*Data for review*.
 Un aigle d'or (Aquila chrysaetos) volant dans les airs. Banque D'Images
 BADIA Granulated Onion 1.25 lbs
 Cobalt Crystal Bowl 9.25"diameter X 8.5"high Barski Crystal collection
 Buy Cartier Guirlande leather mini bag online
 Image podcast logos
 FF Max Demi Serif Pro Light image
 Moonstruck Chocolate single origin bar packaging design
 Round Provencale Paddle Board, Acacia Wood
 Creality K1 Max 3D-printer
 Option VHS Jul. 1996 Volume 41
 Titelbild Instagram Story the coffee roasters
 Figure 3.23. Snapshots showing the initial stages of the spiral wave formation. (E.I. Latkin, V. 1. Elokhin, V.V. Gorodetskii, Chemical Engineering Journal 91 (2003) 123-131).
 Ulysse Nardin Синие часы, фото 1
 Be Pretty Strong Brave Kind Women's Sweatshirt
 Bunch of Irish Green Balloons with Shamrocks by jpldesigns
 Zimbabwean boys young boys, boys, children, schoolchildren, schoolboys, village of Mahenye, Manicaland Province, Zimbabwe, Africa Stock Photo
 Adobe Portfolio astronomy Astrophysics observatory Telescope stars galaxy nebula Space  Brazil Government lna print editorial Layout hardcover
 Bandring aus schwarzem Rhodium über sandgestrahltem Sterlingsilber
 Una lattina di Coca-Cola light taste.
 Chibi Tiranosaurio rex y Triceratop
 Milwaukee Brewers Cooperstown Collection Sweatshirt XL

*What needs to be done*. Give an exact reproduction of the lines from the one with "Bunch of Irish" to the final line of the entries, including both.

*Result of this exercise*.
 Bunch of Irish Green Balloons with Shamrocks by jpldesigns
 Zimbabwean boys young boys, boys, children, schoolchildren, schoolboys, village of Mahenye, Manicaland Province, Zimbabwe, Africa Stock Photo
 Adobe Portfolio astronomy Astrophysics observatory Telescope stars galaxy nebula Space  Brazil Government lna print editorial Layout hardcover
 Bandring aus schwarzem Rhodium über sandgestrahltem Sterlingsilber
 Una lattina di Coca-Cola light taste.
 Chibi Tiranosaurio rex y Triceratop
 Milwaukee Brewers Cooperstown Collection Sweatshirt XL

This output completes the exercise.